This is as far as he can go. Nine years after the worst nuclear disaster since Chernobyl, the street lined by the trees is still uninhabitable. Other neighborhoods deemed safe now have only a fraction of their former population. “Some elderly people have returned home, but their children and grandchildren have refused to do so because of radiation concerns,” says Watanabe, who oversees renewable energy in the region as director of Fukushima Electric Power Co. Ltd.

Japan is preparing for the 2020 Summer Olympics with a pledge to host the first games powered entirely with renewable energy, and it would like nothing more than to put the legacy of the nuclear disaster behind it. But revived cherry blossoms and a foray into solar in Fukushima mask an unsettling truth: Coal has become a crutch here, severely limiting Japan’s ability to combat global warming.

The tragic events of March 11, 2011, are the single biggest reason for the smudgy stain on a country that used to lead on climate change. Fifty-four nuclear reactors once supplied almost a third of Japan’s electricity, free from greenhouse-gas emissions. That gave Japan an enviable profile among wealthy nations. The massive earthquake and tsunami triggered meltdowns at three reactors operated by Tokyo Electric Power Co. Holdings Inc. (Tepco), forcing the country to slam the brakes on nuclear energy. Today, 24 of Japan’s 33 operable reactors remain offline.

The government ramped up its push toward renewable energy in the aftermath of the disaster—just not nearly as much as it cultivated coal projects. The dirty fuel was seen as the fastest, cheapest and most reliable way keep the lights on. A return to coal has left Japan with long-term climate goals that are unambitious—and increasingly, the subject of international censure.

Electricity generation is now responsible for almost 40% of Japan’s emissions and the amount of CO₂ generated by that electricity, per kWh, is high compared to many other developed countries.

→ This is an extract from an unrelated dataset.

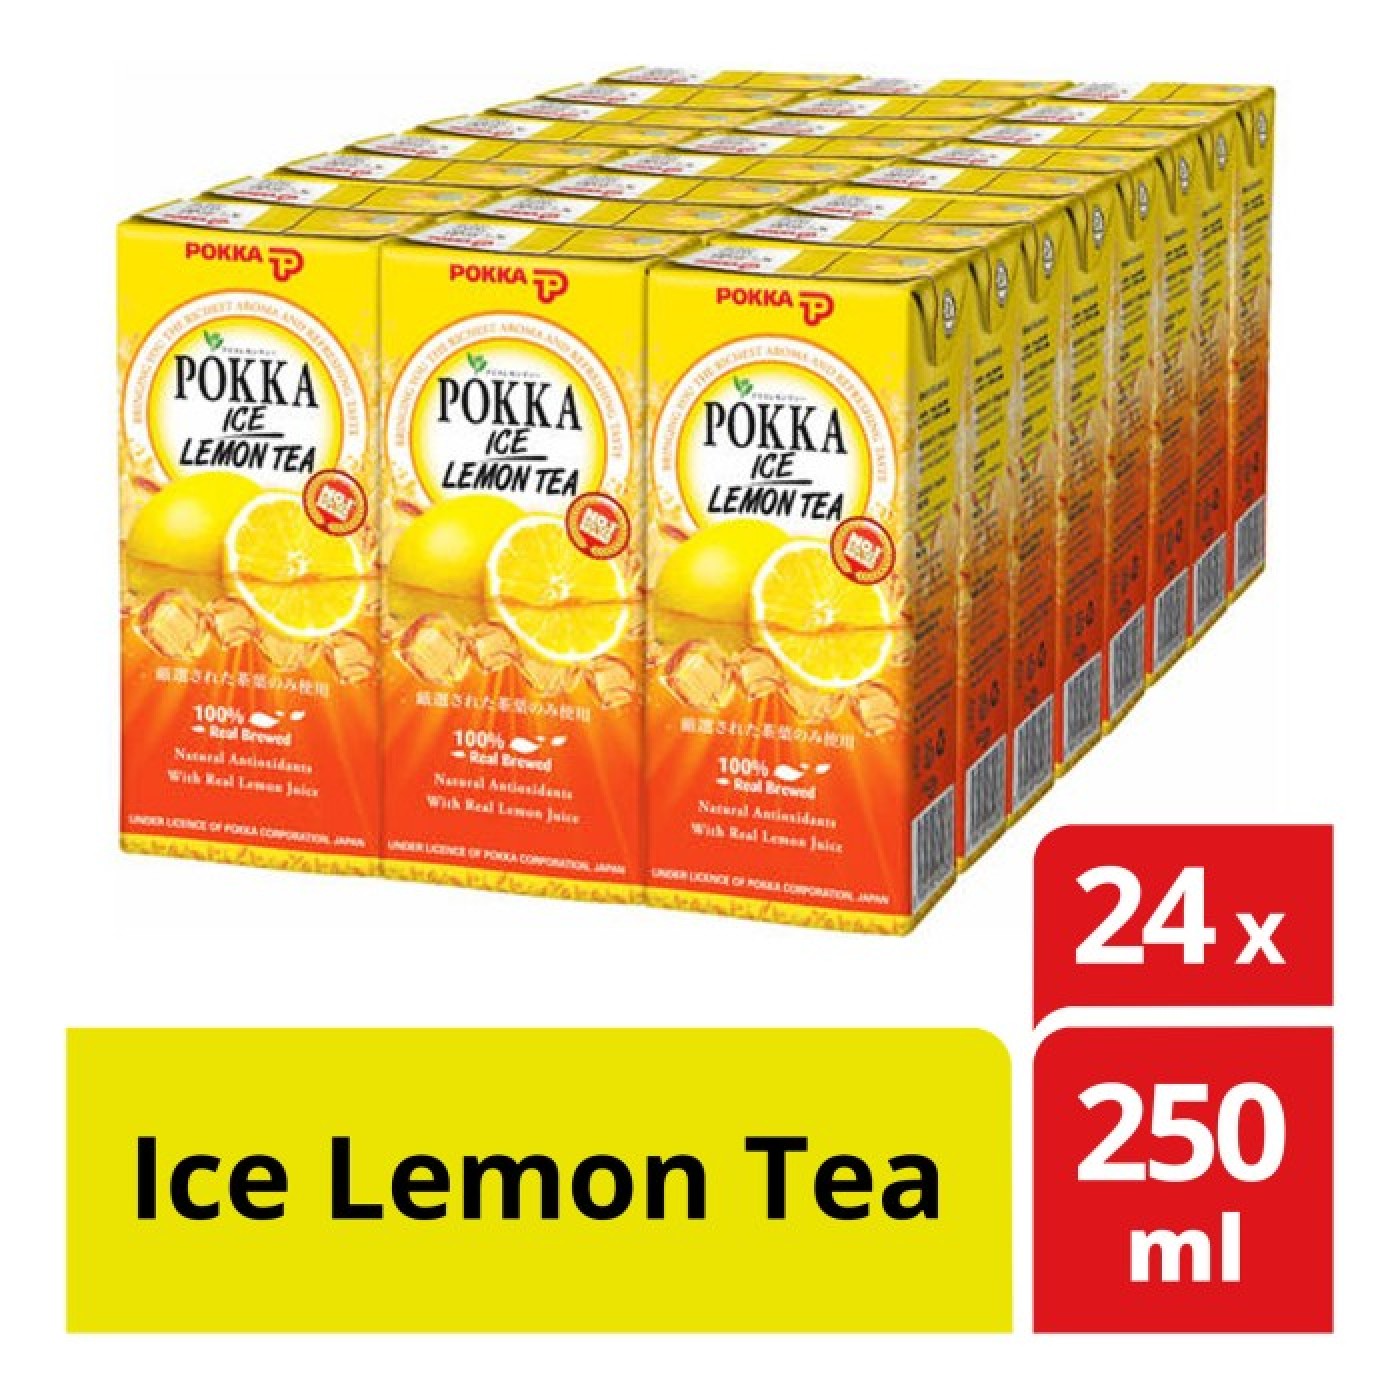 POKKA 250ML ICE LEMON TEA

That makes it hard for Japan to pull its weight in global efforts to limit warming temperatures, since decarbonizing economies need to shift high-polluting sectors such as transport and manufacturing into clean power. Japan aims to cut total emissions 26% by 2030 from 2013 levels, yet even that modest goal lies in the shadow of Fukushima. By switching off its nuclear capacity nine years ago, Japan set a high level of emissions against which it now measures climate progress.

Renewable energy from wind, solar and hydro is projected to make up less than a quarter of Japan’s total electricity by 2030, far below the global average. Roughly the same amount is projected to come from zero-emission nuclear sources, but only if the government is able to convince the public that it’s safe to restart additional  reactors. Even under optimistic scenarios for the next decade, more than half the Japan’s electricity will come from coal, natural gas and other fossil fuels.

Then there are exports: Japan continues to aggressively shop its coal-fired power technology abroad in nations such as Vietnam, Indonesia and Bangladesh. It’s not just a profitable decision, as Japan’s energy elite see it, but a virtuous act that’s good for the planet.

Near Tokyo’s Imperial Palace is a district that’s home to both government officials and the “keidenren,” the country’s powerful, industry-heavy business federation. The name of the neighborhood, Marunouchi, translates as “inside the circle.” At the center of this particular circle is coal.

The endless, shabby hallways inside Japan’s Ministry of Economy, Trade and Industry (METI) create a remarkable contrast to the gleam of the corporate towers outside. Scuffed white walls and dirty floors give way to a meeting room that appears to double as a storage space, where three ministry executives pull up chairs around a table littered with paper cups of cold tea from a prior appointment. They want to explain the country’s energy policy to a journalist and ask not to be quoted by name so they can speak frankly. The discussion is on the record.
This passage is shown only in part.